» **Exercise goal**
Your task is to repeat the lines below exactly, excluding any pictures they contain.

» **Data block**
========================================
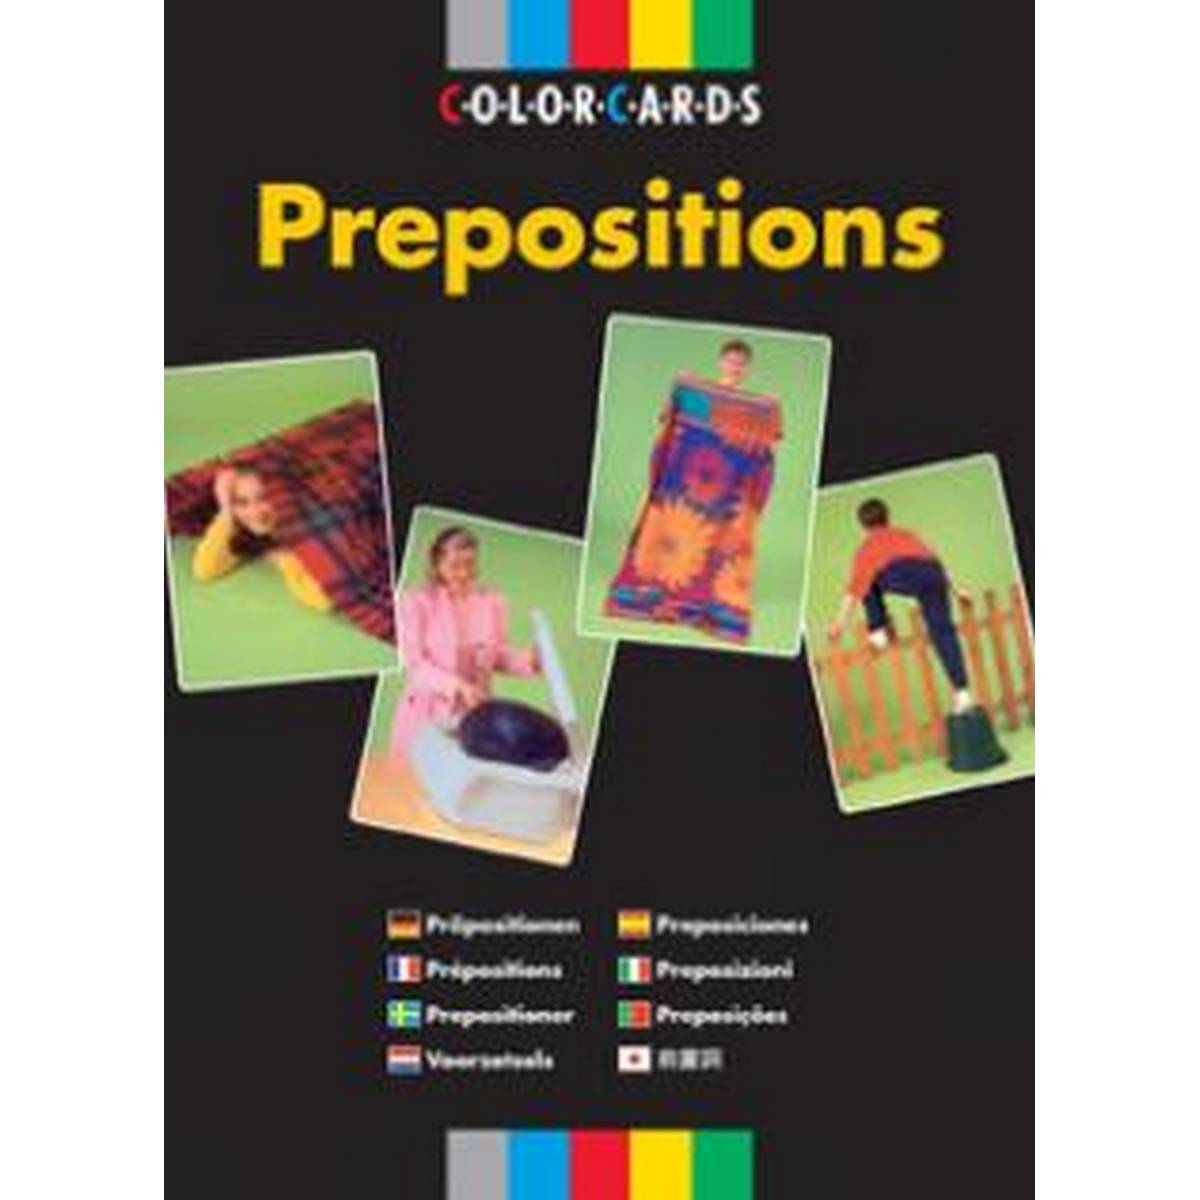 ColorCards: Prepositions
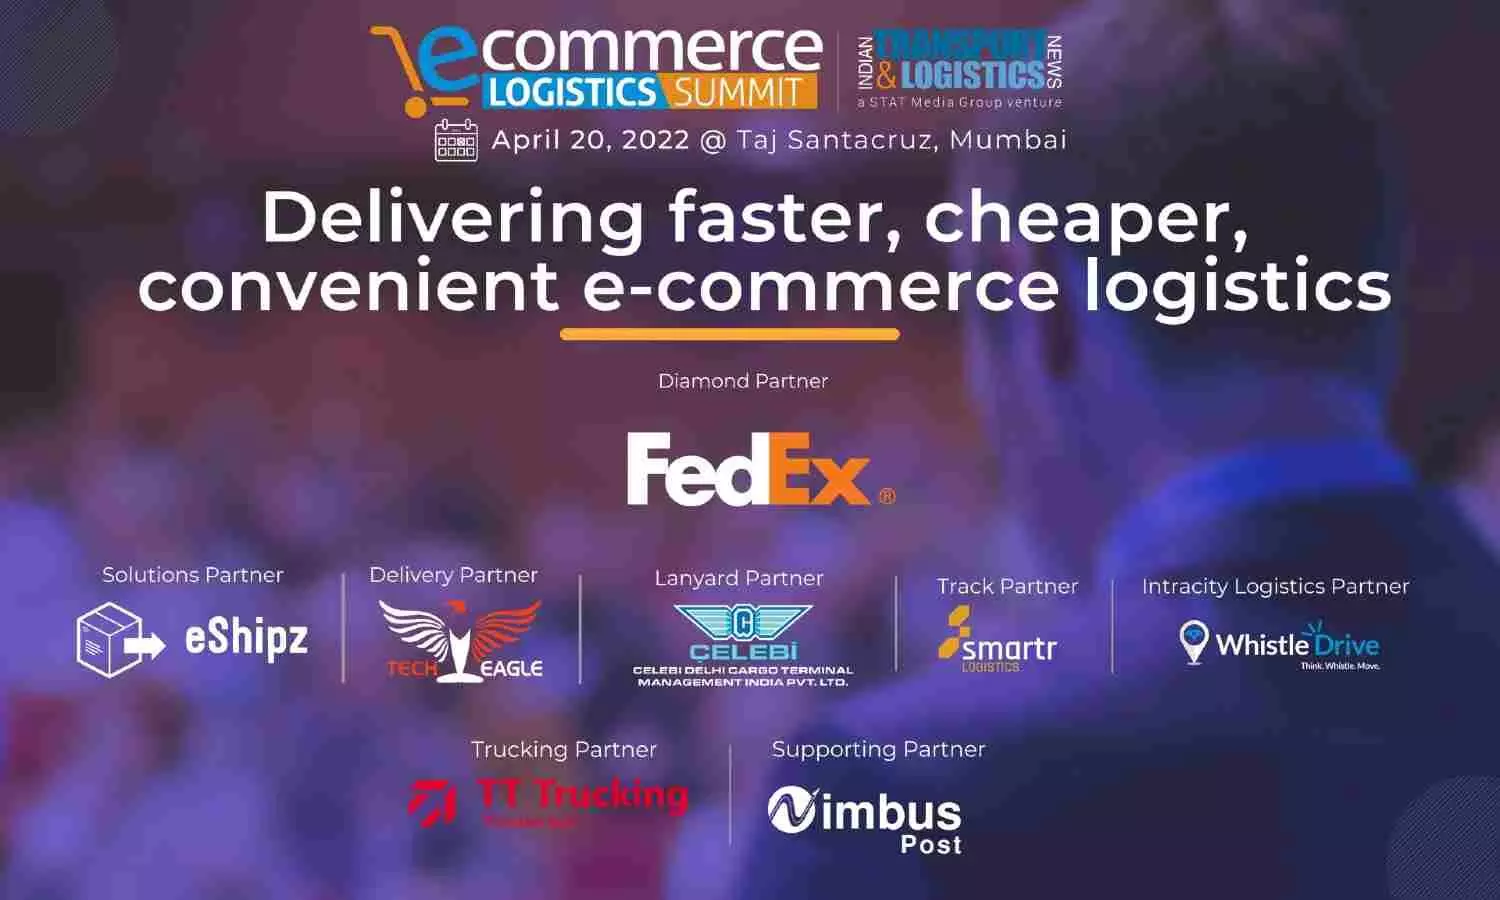 E-commerce Logistics Summit 2022 is live now!
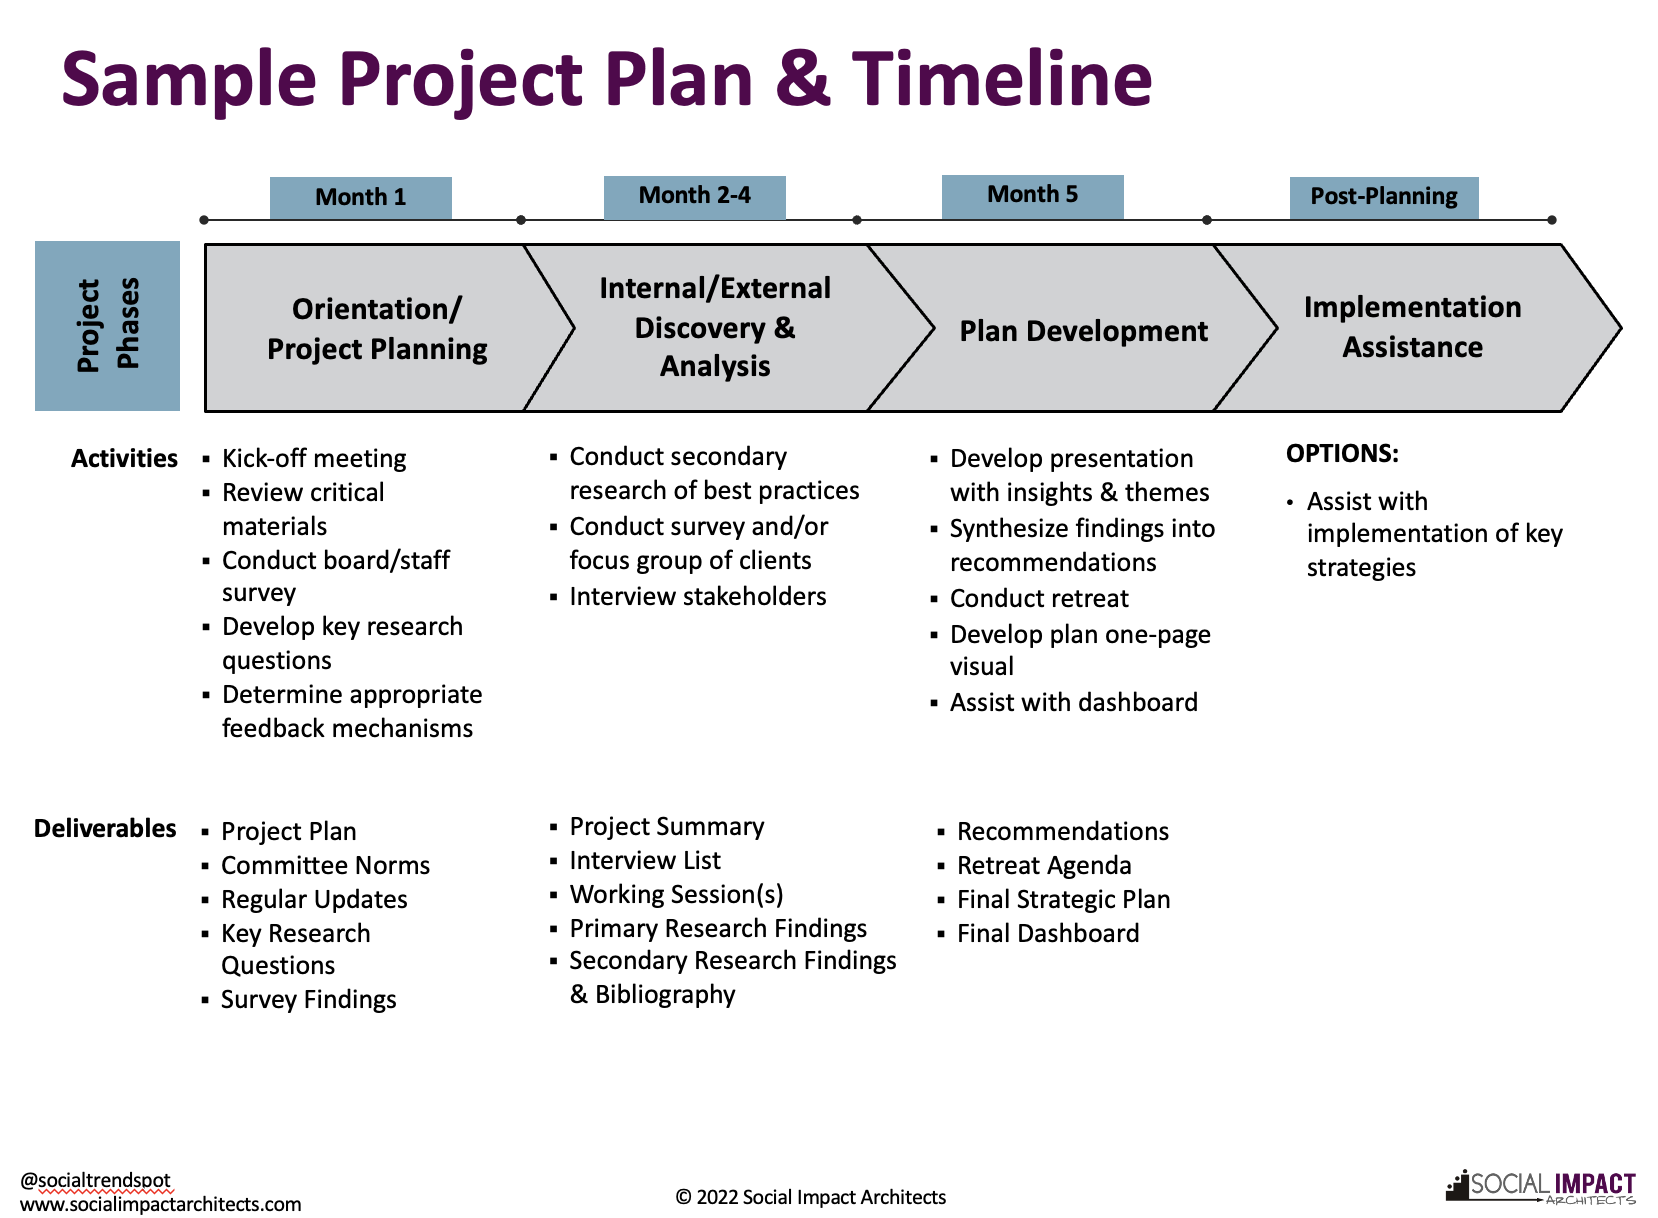 Strategic Planning Timeline Estimate pic 2022 | Social Impact Architects
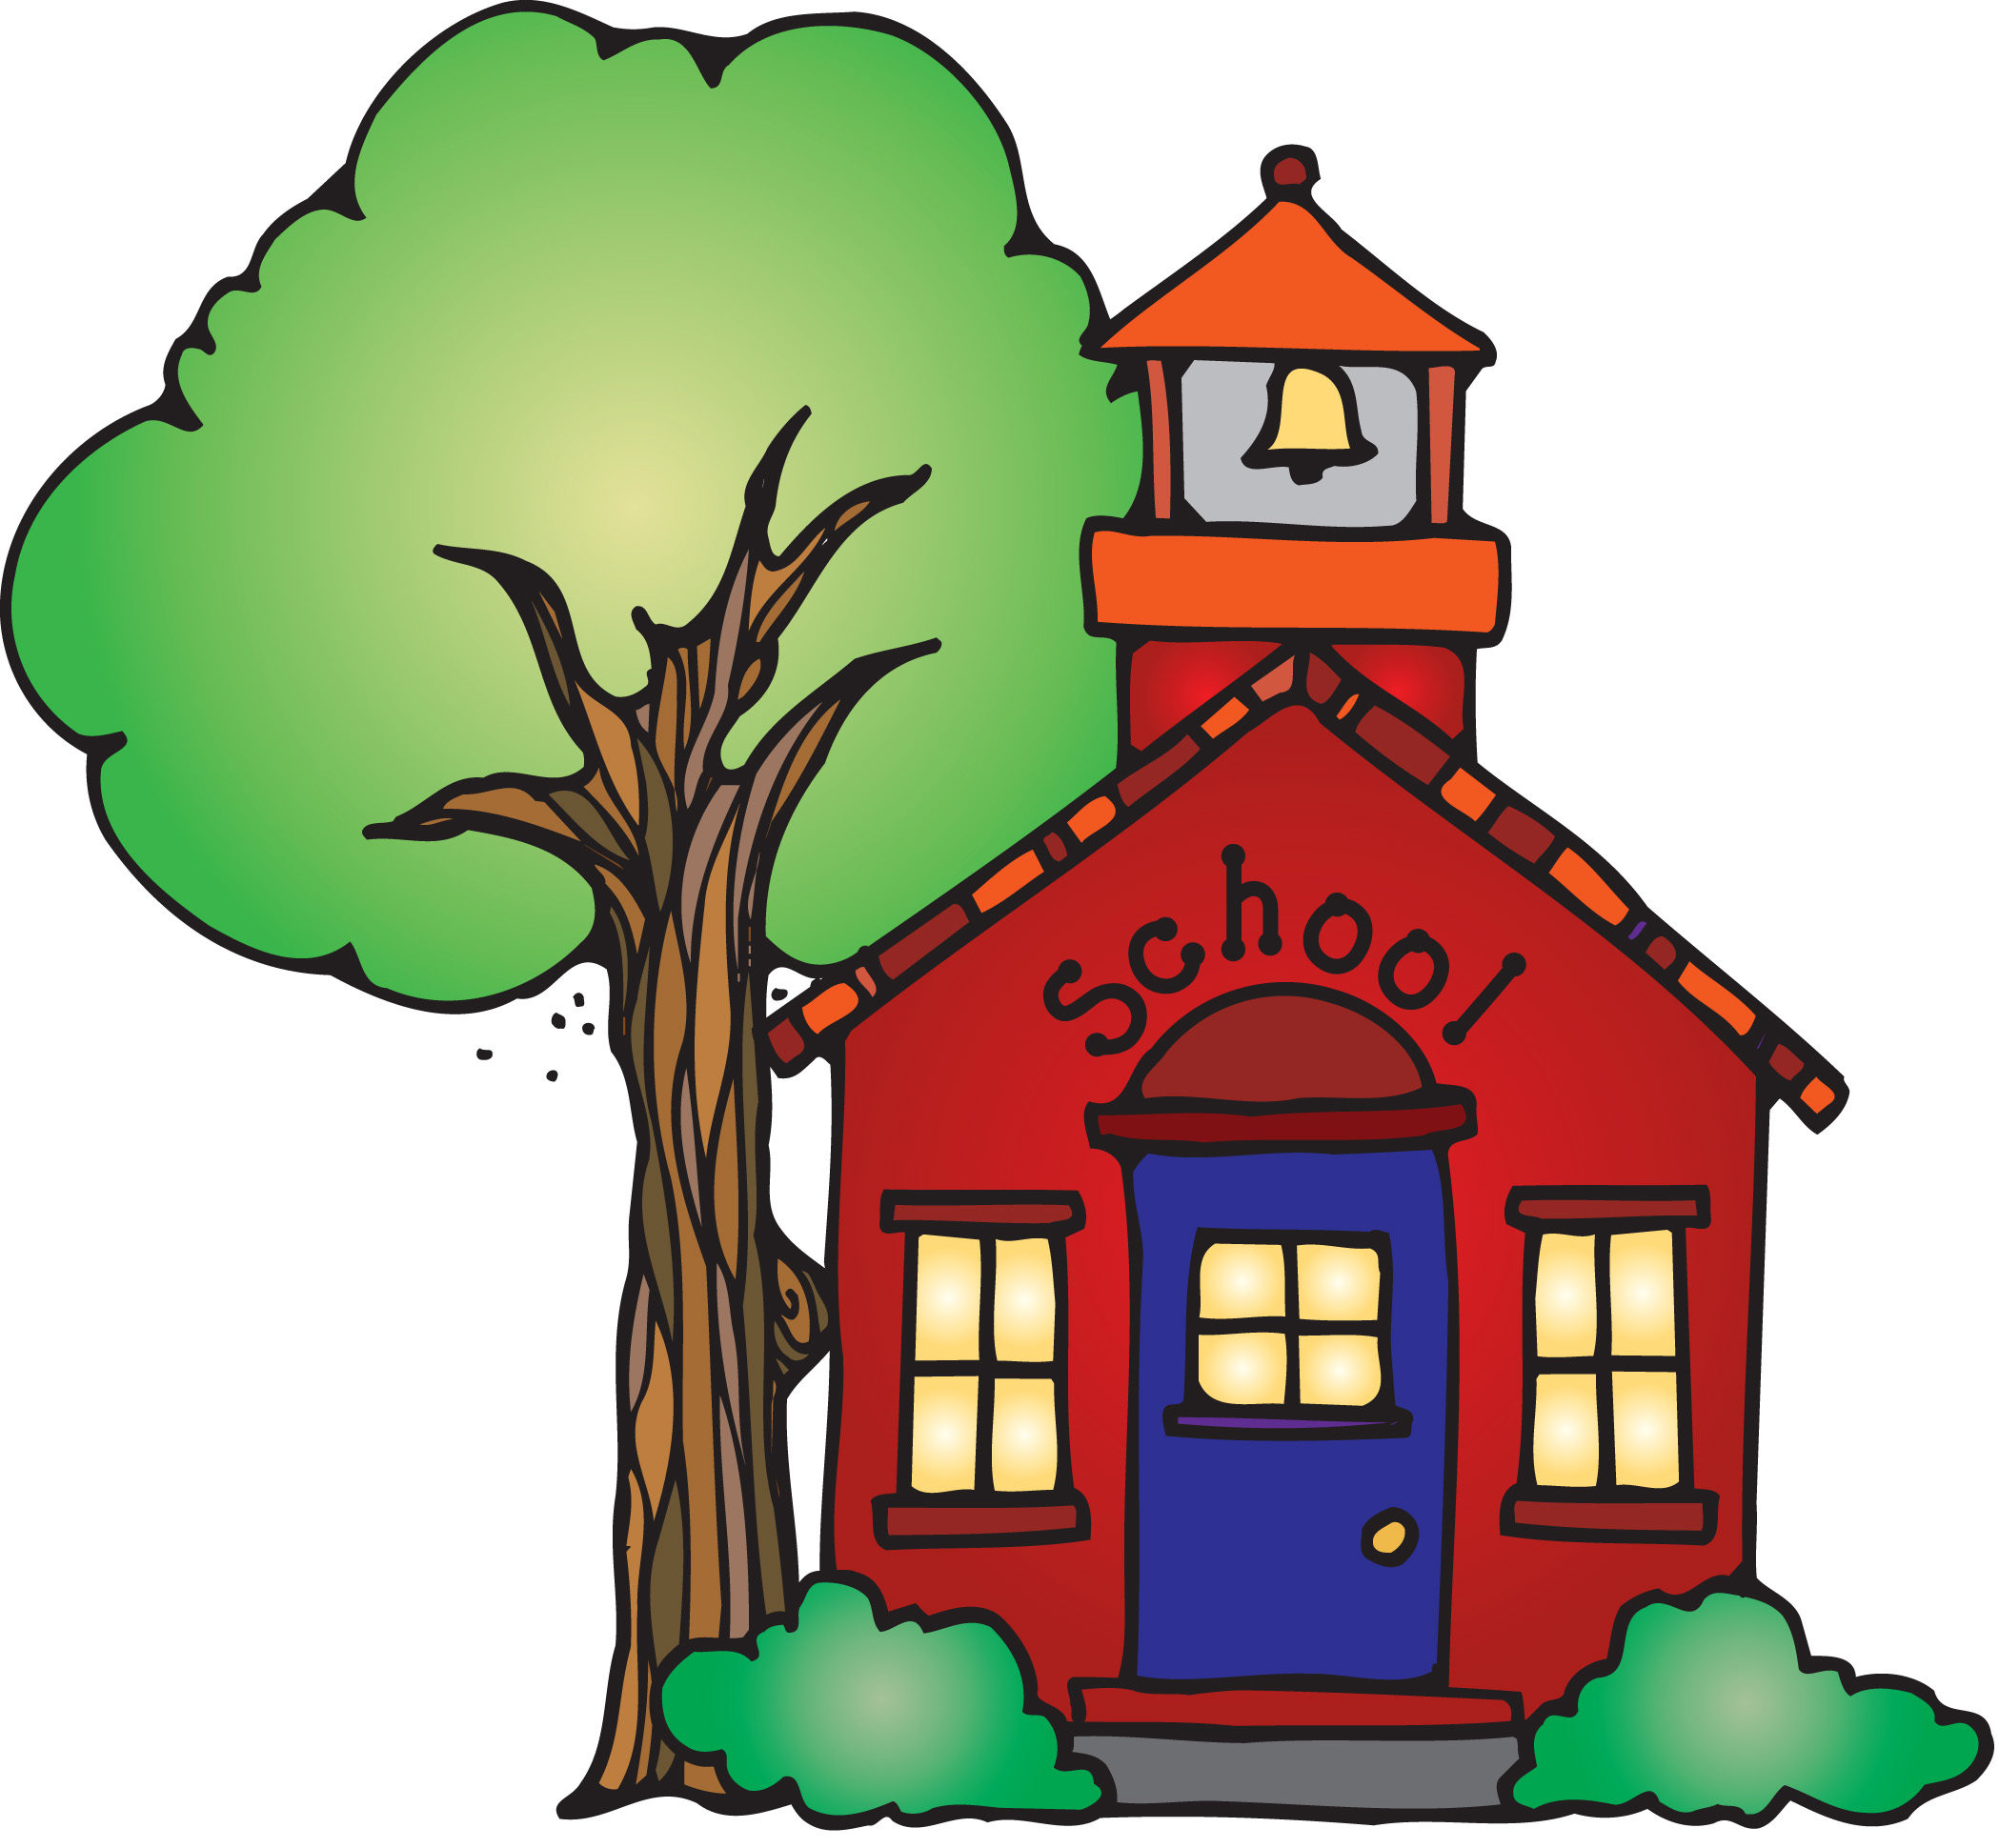 School House Clipart
========================================
» **Exercise answer**
 ColorCards: Prepositions
 E-commerce Logistics Summit 2022 is live now!
 Strategic Planning Timeline Estimate pic 2022 | Social Impact Architects
 School House Clipart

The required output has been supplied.